The gas adsorption-textural properties of obtained manganese oxides were determined by using the low-temperature adsorption/desorption of N2 analysis (Fig. 18.1). The type IV of sorption isotherms was determined by the presence of the loops of the capillary-condensation hysteresis for obtained manganese oxides (samples 1–8), which also indicates the presence of a mesoporous structure by the IUPAC classification (Thommes et al. 2015).Different shapes of hysteresis loops indicate the formation of mesopores of various shapes. So, on the isotherms of samples 1–3 (reducing agent (RA), H2O2; processing temperature (PT), 80, 200, and 400 °C), there is H2 hysteresis, which is characteristic of bottle-like and wide-neck mesopores, for which the size of the cylindrical necks is greater than the half-width of spherical voids (Fig. 18.1a, b). The pores of sample 4 (RA, H2O2; PT, 600 °C) were equivalent to the cylindrical pores according to H1 hysteresis (Fig. 18.1b). The hybrid shape of hysteresis loops (Fig. 18.1a, c) consists of H2 (at p/p0 ≤ 0.60), and H3 (at p/p0 ≥ 0.60) is typical for obtained samples 5, 6, and 8 (RA, MnCl2; PT, 80, 200, and 600 °C) and indicates the presence of slit-shaped mesopores, observed in plate-like structures. For sample 7 (RA, MnCl2; PT, 400 °C), the mesopores are mainly bottle-like according to the H2 hysteresis (Fig. 18.1c).
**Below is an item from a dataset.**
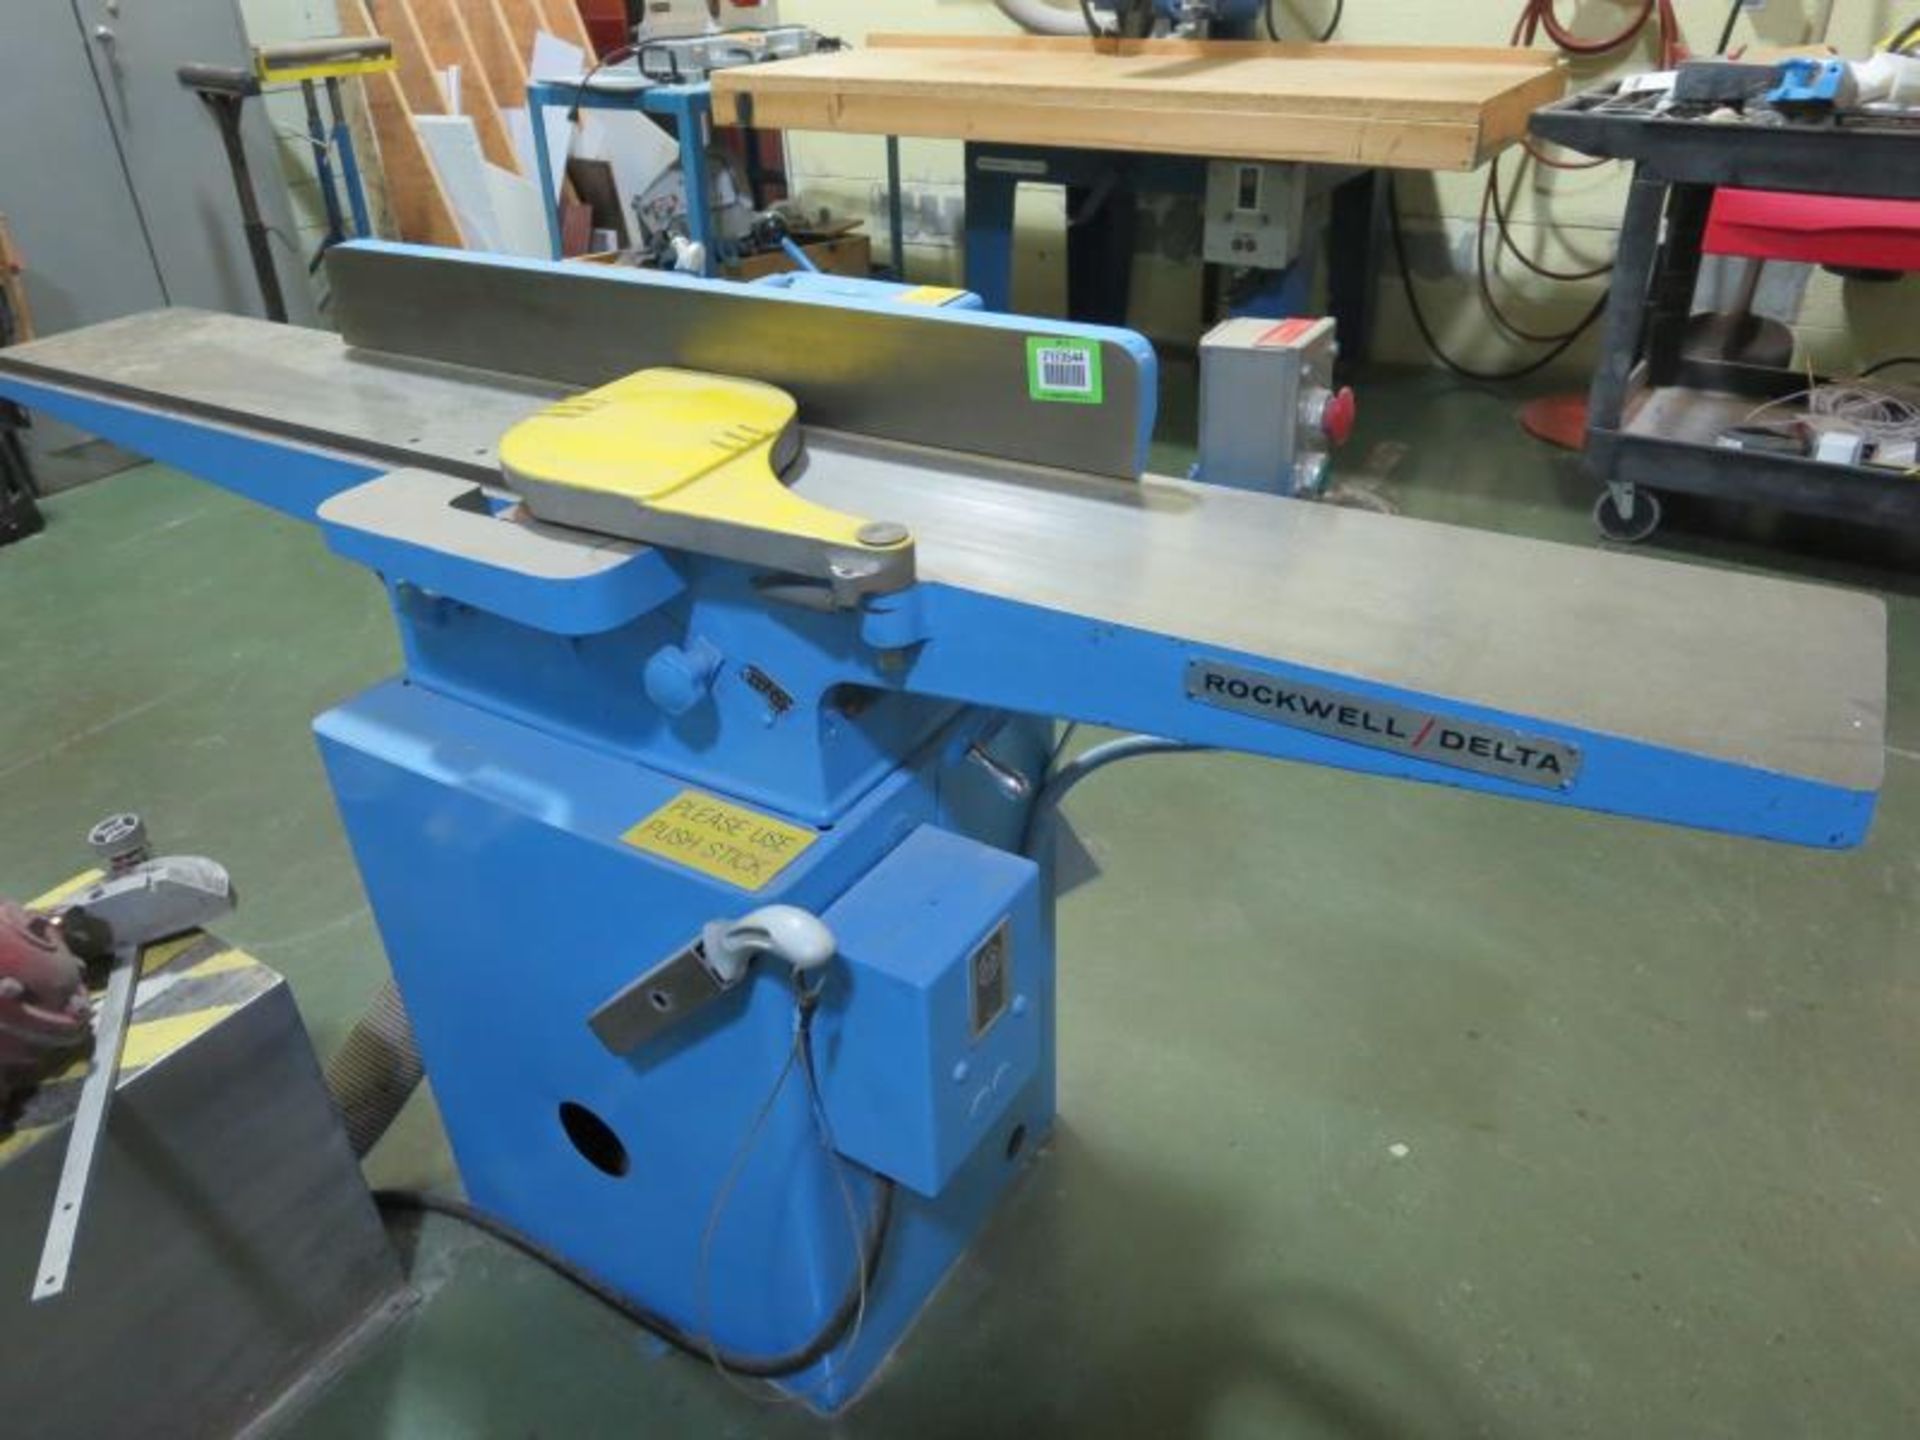 Rockwell/ Delta 37-315 8" Jointer; 9" x 66" bed, 3ph 480v. SN# EE4589. HIT# 2123544. Loc: 1110-1

Based on an analysis of the differential curves of the pore distribution size (PDS) for obtained samples 1–3, quite homogeneous structure was determined (Fig. 18.1a, b). As the temperature increased to 600°С, the intensity of dV/dlogD on the distribution curves decreased. The distribution of mesopores in sample 4 (PT—600 °C) was characterized by the presence of hysteresis in the range р/р0 0.42–0.96 (Fig. 18.1b).

Fig. 18.1
figure 1

Adsorption/desorption isotherms of N2 and pore distribution curves of manganese oxide sorption materials (The samples were marked according to Table 18.1)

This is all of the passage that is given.